Watch out for CEO fraud

18 July 2019

Fraudsters are very targeted when they commit CEO fraud. Through sophisticated methods they convince you that you’re being contacted by a manager to make a payment to an account controlled by the fraudsters. Follow our tips to outsmart fraudsters!

CEO fraud: targeted deception

CEO fraud is an attempt to persuade a financial employee of a company to transfer an amount to the fraudster's account. This kind of fraud has been around for a long time, but the arrival of messaging services such as e-mail, Whatsapp, etc. makes it easier to pretend to be someone else. Especially as there is often a lot of information on social media about that particular person! 

This is how a fraudster goes to work:

  • Els works at the accounting department of company Zonneklaar. She is authorised to make payments.
  • One day she receives an e-mail or Whatsapp message from Jan Dierckx. She doesn't know the man personally, but she knows he is high up in the company. 
  • In the message Dierckx says he is abroad and an urgent payment needs to be made. Normally speaking, Dierckx would ask Jos Peeters, Els' boss, but he is unavailable. And whether Els can make the payment? There is a rush, because it concerns a sensitive operation (a merger that needs to be kept under wraps).
  • Els makes the payment to the account number mentioned in the mail. The fact that the mail mentions the name of Jos Peeters removes any suspicions she had.
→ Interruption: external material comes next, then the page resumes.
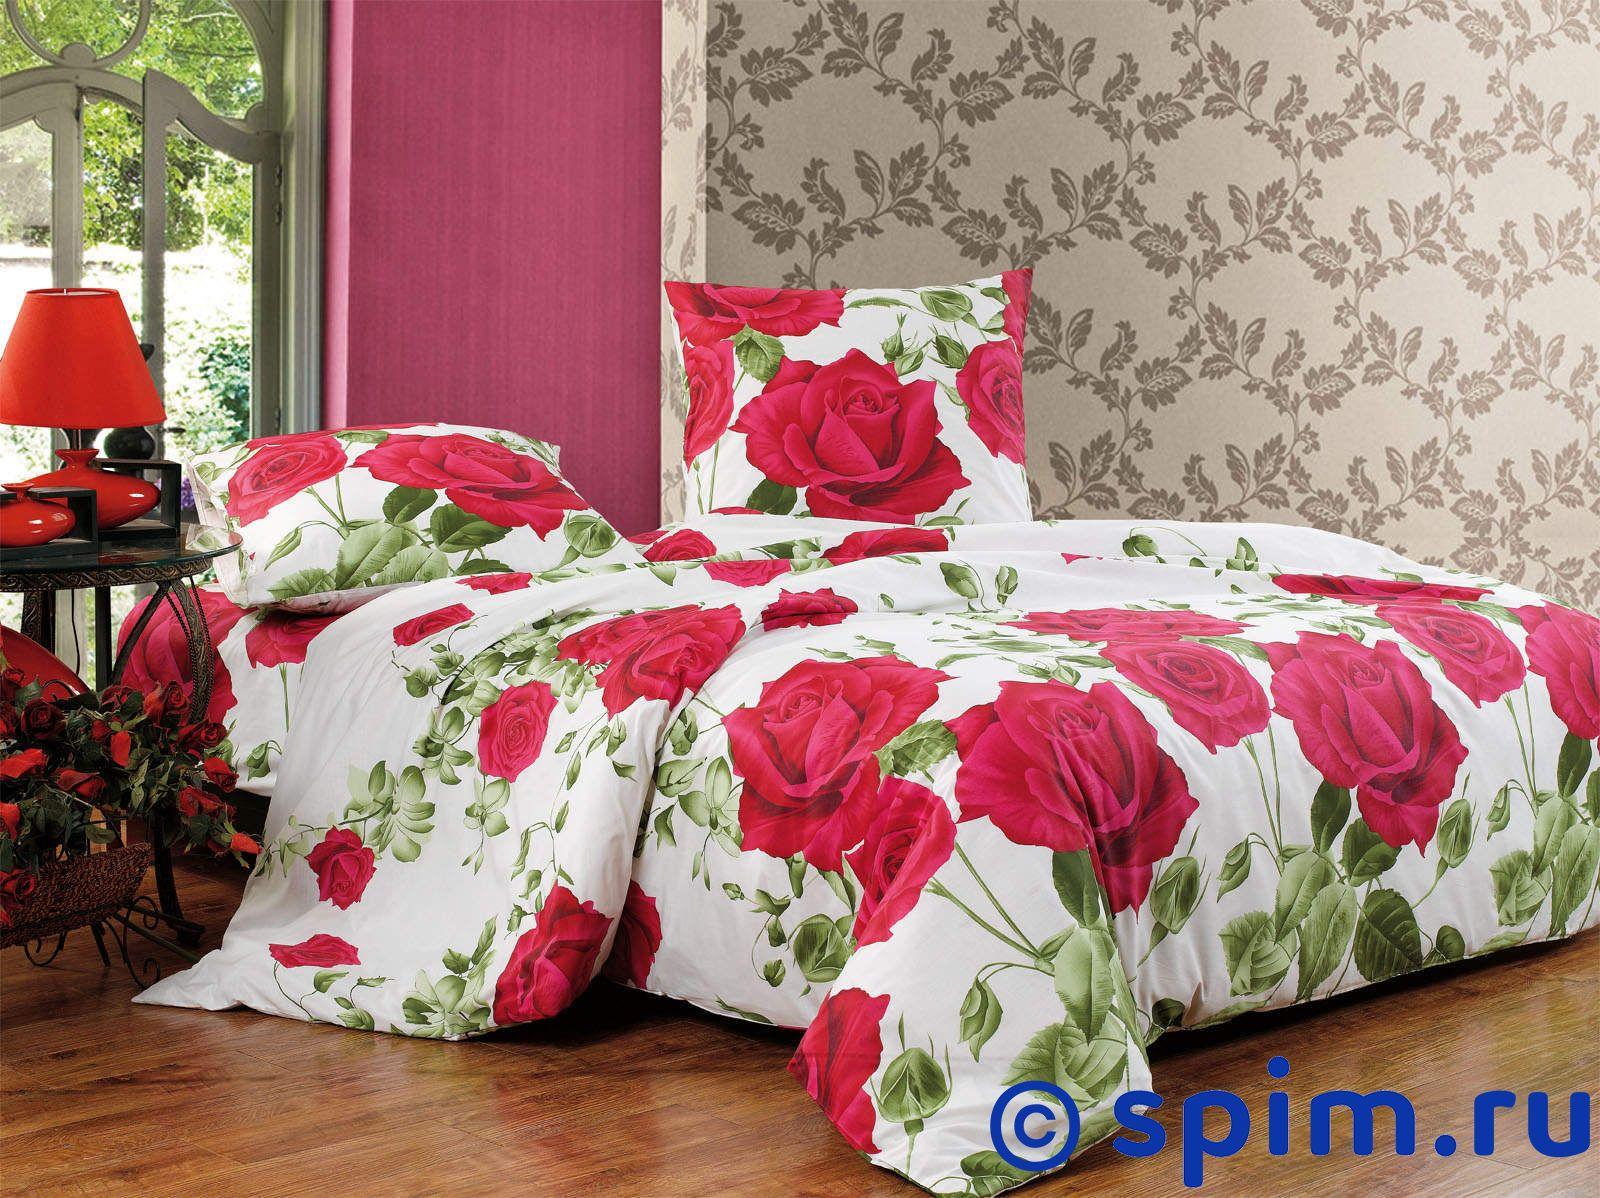 Комплект СайлиД А117 1.5 спальное

Afterwards, it turns out that the mail was not sent by Mr Dierckx at all, but by a fraudster who found Els' name, her personal details (mail and phone number) on the internet, as well as Mr Peeters and Mr Dierckx' details. Result: the money has gone! 
Unconvinced in honesty of business agreement female entrepreneur refusing to sign contact with businessman.

How can you recognise CEO fraud?

In the event of CEO fraud, alarms bells should start ringing when an executive suddenly contacts a financial officer directly and asks him to deviate from the internal procedures in the case of a payment. Especially when the so-called executive puts pressure on you to carry out the payment quickly, or requests strict secrecy, be suspicious.
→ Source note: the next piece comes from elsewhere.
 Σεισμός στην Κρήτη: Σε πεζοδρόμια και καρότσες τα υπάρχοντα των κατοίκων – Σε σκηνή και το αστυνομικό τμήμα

Take these precautions to prevent CEO fraud

Some simple precautions will lower the risk of this kind of fraud. Below is a list of measures that can be taken, both on company level and by individual employees. 

As a company: 

  • Make your employees aware of the fact that such fraud exists and how they can recognise it. 
  • Ask your staff to always be careful with payment requests and to check them for irregularities.
  • Issue internal payment guidelines. For example, you can agree that payment requests by e-mail are subject to a check to verify their authenticity. Or that for payments above certain amounts extra consultation is necessary.
  • Check the information on your website. Transparency is good, but too much information is dangerous. Third parties don't need to know who your suppliers are for example. 
  • Tell your employees not to share too much information on social media.

As an employee:

  • Follow the internal security rules for payments, and do not give in to any pressure from the person asking for the payment - even if that person claims to be your boss. 
  • When in doubt, talk to an authorised colleague.
  • Work out a guideline to confirm the correct bank account and beneficiary for payments above a certain amount.
  • Don't share information about your employer, the hierarchy in your company, the security or the procedures. And be careful with social media!

In general:

  • Check e-mail addresses and URLs before clicking them. 
  • Don't trust the address specified in the 'From' line of a mail, because it can be falsified very easily (spoofing). You too can send mails that seemingly come from timcook@apple.com!
  • Clickable links in the text of a mail message can be checked as follows: 
  • in your computer's mail program: briefly hold the cursor over the link, the real address will be shown on the status bar at the bottom of the page. You don't see a status bar? In most mail programs you activate it via View >status bar.
  • on you smartphone: keep pressing the mail address or the link. From the context menu that appears select 'copy'. Go to your notes app, keep pressing and choose 'paste'. Now you can study the e-mail address or the link.
  • Carefully analyse the web address. http://klanten.argenta.be.selling.com/inlog is not an address of the domain name argenta.be, but a subdomain of selling.com. Only the two last parts of the address, separated by a dot, constitute the domain name!
  • Received a mail that seems to have come from your bank? Never click the link in the mail, but enter the address of your bank in your browser.
  • Ask your correspondents to sign their mails digitally (read here how to do this in Outlook)
  • Secure e-mail via the Sender Policy Framework can be a solution, but not all e-mail providers offer this option. 

Forewarned is forearmed! And don't forget: in case of attempted fraud always contact the police. Even if you did not fall victim, the attempted fraud is still a crime. And you will probably prevent others from falling victim to fraud!